Magic Mirror, Ed Pinsent

Eibonvale Press here takes a very successful first step into comics publishing. The artwork, most of it originally appearing in fanzine-type publications in the eighties and nineties, looks fantastic, Pinsent's bold black lines reproducing with perfect clarity – though if you flick through without reading you might imagine it formless nonsense, such is the variety of strange, apparently random imagery it presents. However, once you begin to read, the coherence of each individual story becomes clear. Useful notes from the author help clarify his intentions, but leave room for the reader's personal response. Among my favourites were the two-part tale of The Last Eskimo, who awakes from a ten-thousand year freeze to hunt down the wandering moon, and The Lion Sleeps Tonite, about a stationery thief confronted by his own criminality.

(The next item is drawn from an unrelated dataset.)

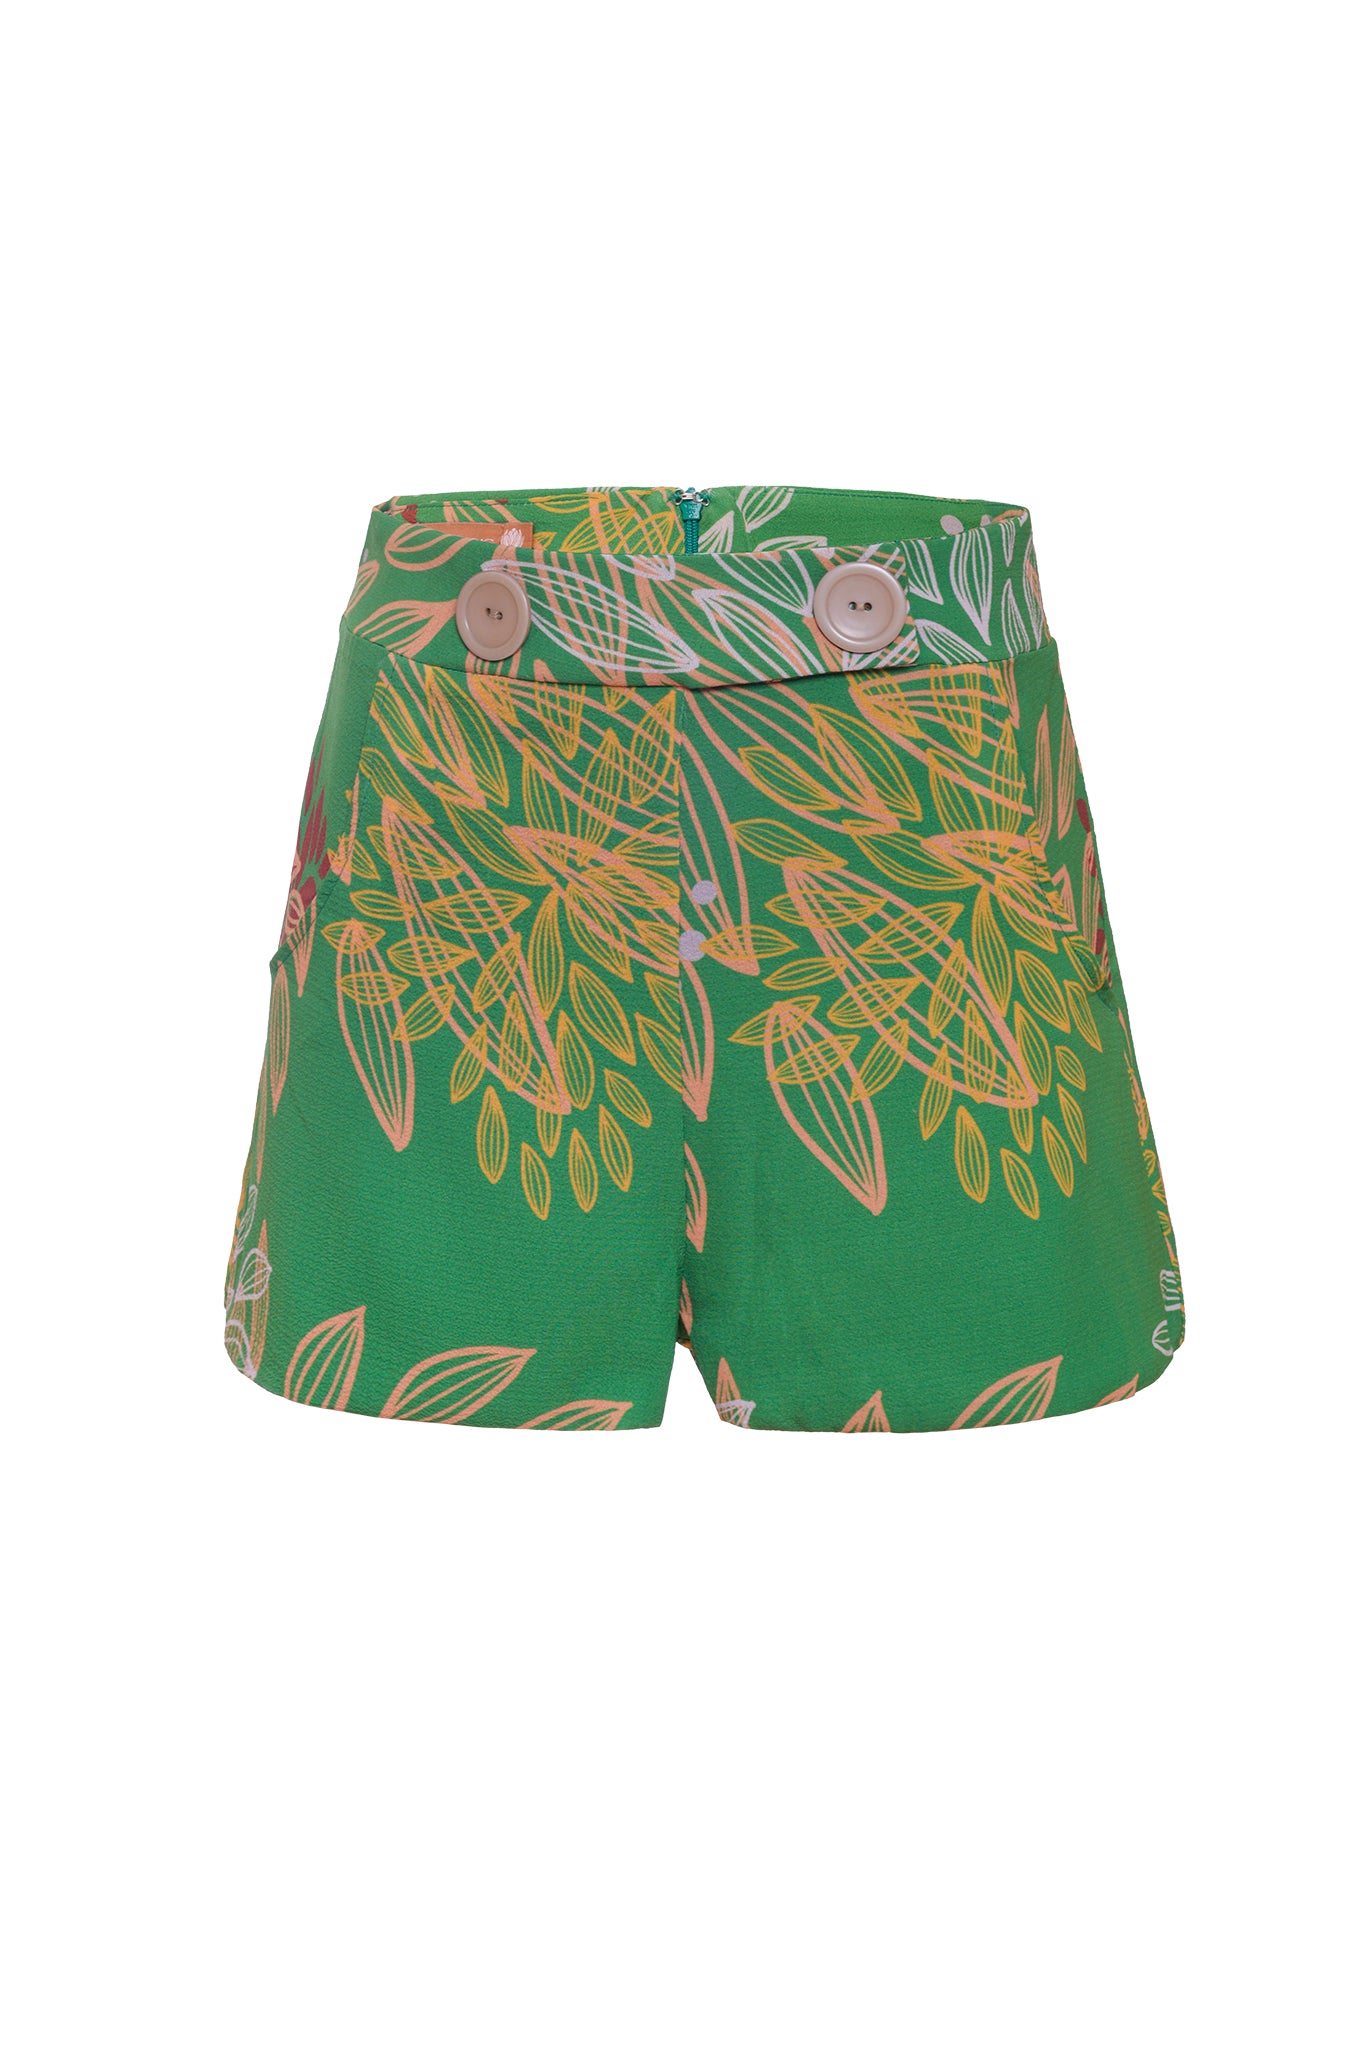 Sandpiper Shorts in Green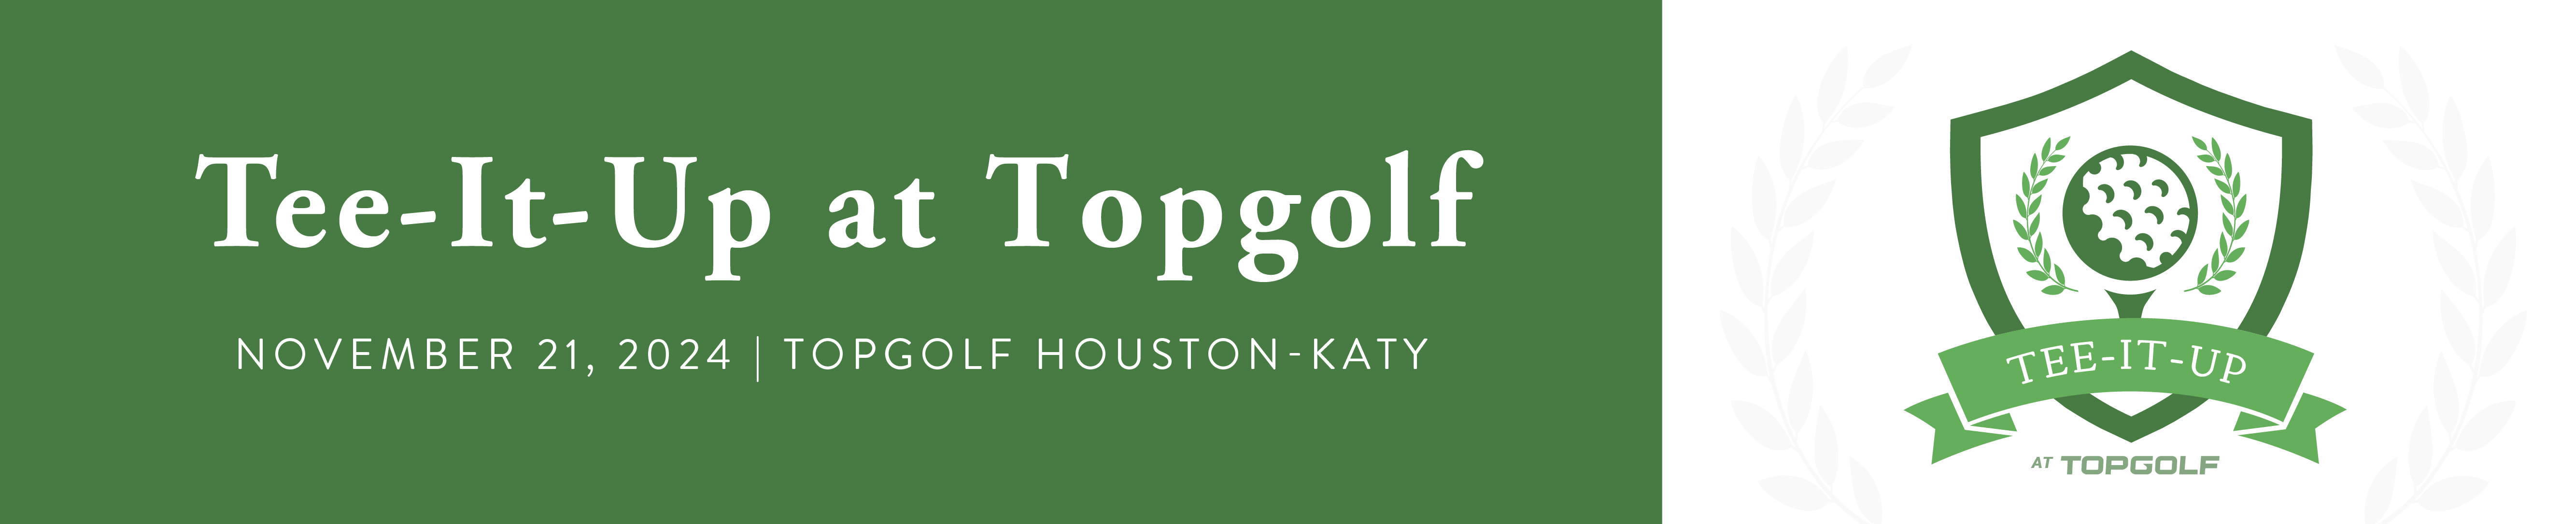 Tee-It-Up at Topgolf November 21, 2024 at Topgolf Houston-Katy

After a series of equally varied and interesting shorts – divided into humorous tales, fables, family tales, Astorial anecdotes, poems and dark tales  – the book takes a slight dip with the first three Windy Wilberforce stories. Predating many of the other strips, they are a little dull and over-long (not to mention that their tale of stupidity caused by "nigrification" is open to a very unsympathetic reading), but important parts of the collection in that they establish Windy as an essentially decent human being. With the next story things are back to the usual high quality – but Windy himself is at his worst, becoming a paper dictator and earning himself the wrath of the world's trees! After an odd pair of shorts, the last ninety pages are devoted to a hallucinatory, prophetic Wilberforce epic, The Saga of the Scroll, which is breathtaking, ambitious, experimental and not a little baffling, in the best possible way.

Well worth the attention of anyone interested in indie comics, or indeed anyone who has enjoyed other Eibonvale books, among which it sits very comfortably.